28.5.1. Characters in regular expressions

Note: The raw string notation `r'...'` is most useful for regular expressions; see raw strings, above.

These characters have special meanings in regular expressions:

 `.` Matches any character except a newline. `^` Matches the start of the string. `\$` Matches the end of the string. `r*` Matches zero or more repetitions of regular expression `r`. `r+` Matches one or more repetitions of `r`. `r?` Matches zero or one `r`. `r*?` Non-greedy form of `r*`; matches as few characters as possible. The normal `*` operator is greedy: it matches as much text as possible. `r+?` Non-greedy form of `r+`. `r??` Non-greedy form of `r?`. `r{m,n}` Matches from `m` to `n` repetitions of `r`. For example, `r'x{3,5}'` matches between three and five copies of letter `'x'`; `r'(bl){4}'` matches the string `'blblblbl'`. `r{m,n}?` Non-greedy version of the previous form. `[...]` Matches one character from a set of characters. You can put all the allowable characters inside the brackets, or use `a-b` to mean all characters from `a` to `b` inclusive. For example, regular expression `r'[abc]'` will match either `'a'`, `'b'`, or `'c'`. Pattern `r'[0-9a-zA-Z]'` will match any single letter or digit. `[^...]` Matches any character not in the given set. `rs` Matches expression `r` followed by expression `s`. `r|s` Matches either `r` or `s`. `(r)` Matches `r` and forms it into a group that can be retrieved separately after a match; see `MatchObject`, below. Groups are numbered starting from 1. `(?:r)` Matches `r` but does not form a group for later retrieval. `(?Pr)` Matches `r` and forms it into a named group, with name `n`, for later retrieval. `(?P=n)` Matches whatever string matched an earlier `(?Pr)` group. `(?#...)` Comment: the “`...`” portion is ignored and may contain a comment. `(?=...)` The “`...`” portion must be matched, but is not consumed by the match. This is sometimes called a lookahead match. For example, `r'a(?=bcd)'` matches the string `'abcd'` but not the string `'abcxyz'`. Compared to using `r'abcd'` as the regular expression, the difference is that in this case the matched portion would be `'a'` and not `'abcd'`. `(?!...)` This is similar to the `(?=...)`: it specifies a regular expression that must not match, but does not consume any characters. For example, `r'a(?!bcd)'` would match `'axyz'`, and return `'a'` as the matched portion; but it would not match `'abcdef'`. You could call it a negative lookahead match.
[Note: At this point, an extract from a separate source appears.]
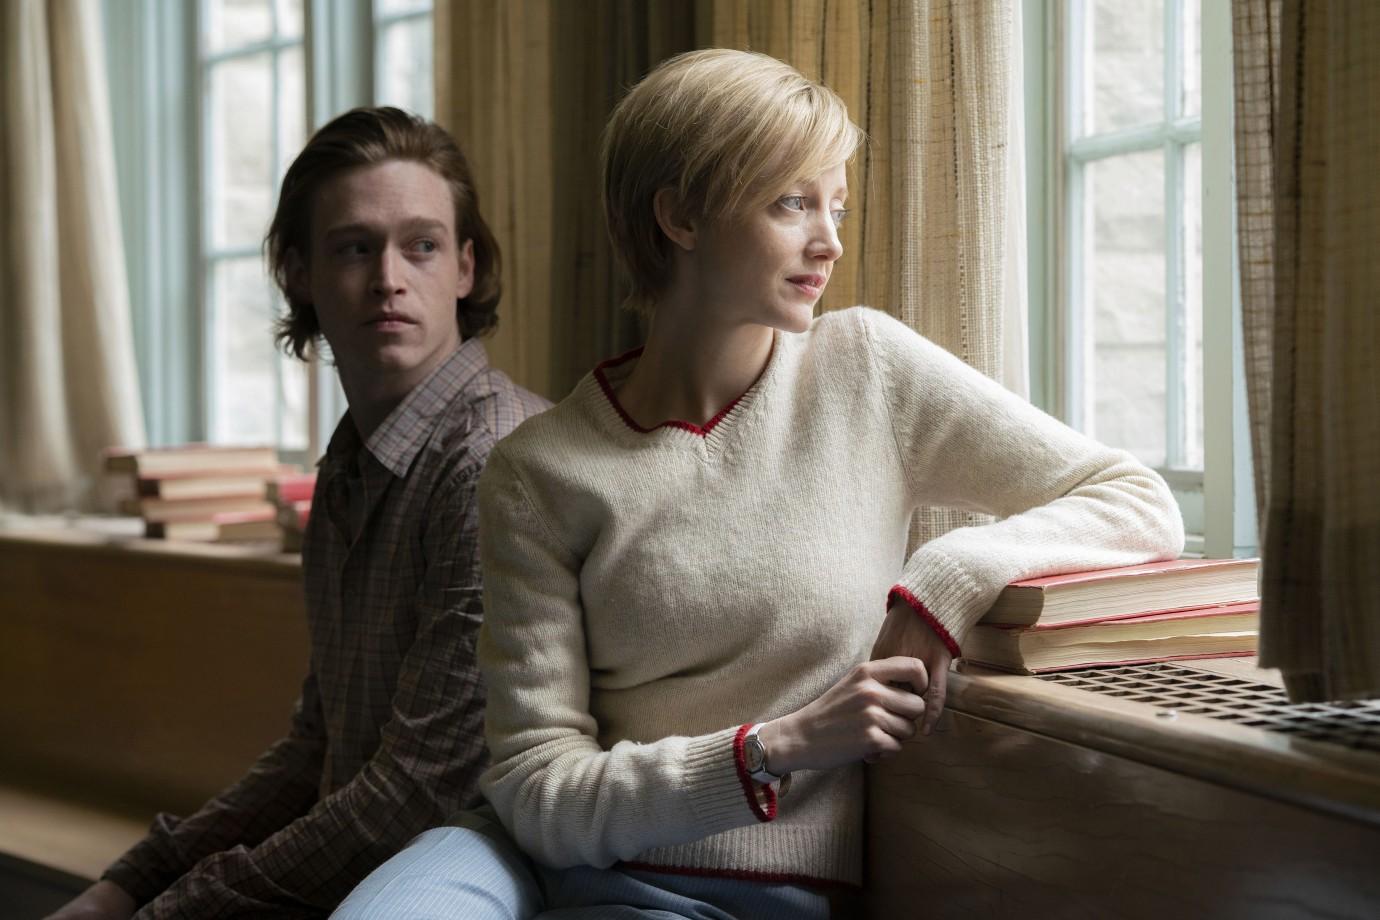 The Kindness of Strangers: Andrea Riseborough, Caleb Landry Jones in una scena

The special sequences in the table below are recognized. However, many of them function in ways that depend on the locale; see Section 19.4, “What is the locale?”. For example, the `r'\s'` sequence matches characters that are considered whitespace in the current locale.

 `\n` Matches the same text as a group that matched earlier, where `n` is the number of that group. For example, `r'([a-zA-Z]+):\1'` matches the string `"foo:foo"`. `\A` Matches only at the start of the string. `\b` Matches the empty string but only at the start or end of a word (where a word is set off by whitespace or a non-alphanumeric character). For example, `r'foo\b'` would match `"foo"` but not `"foot"`. `\B` Matches the empty string when not at the start or end of a word. `\d` Matches any digit. `\D` Matches any non-digit. `\s` Matches any whitespace character. `\S` Matches any non-whitespace character. `\w` Matches any alphanumeric character plus the underbar `'_'`. `\W` Matches any non-alphanumeric character. `\Z` Matches only at the end of the string. `\\` Matches a backslash (`\`) character.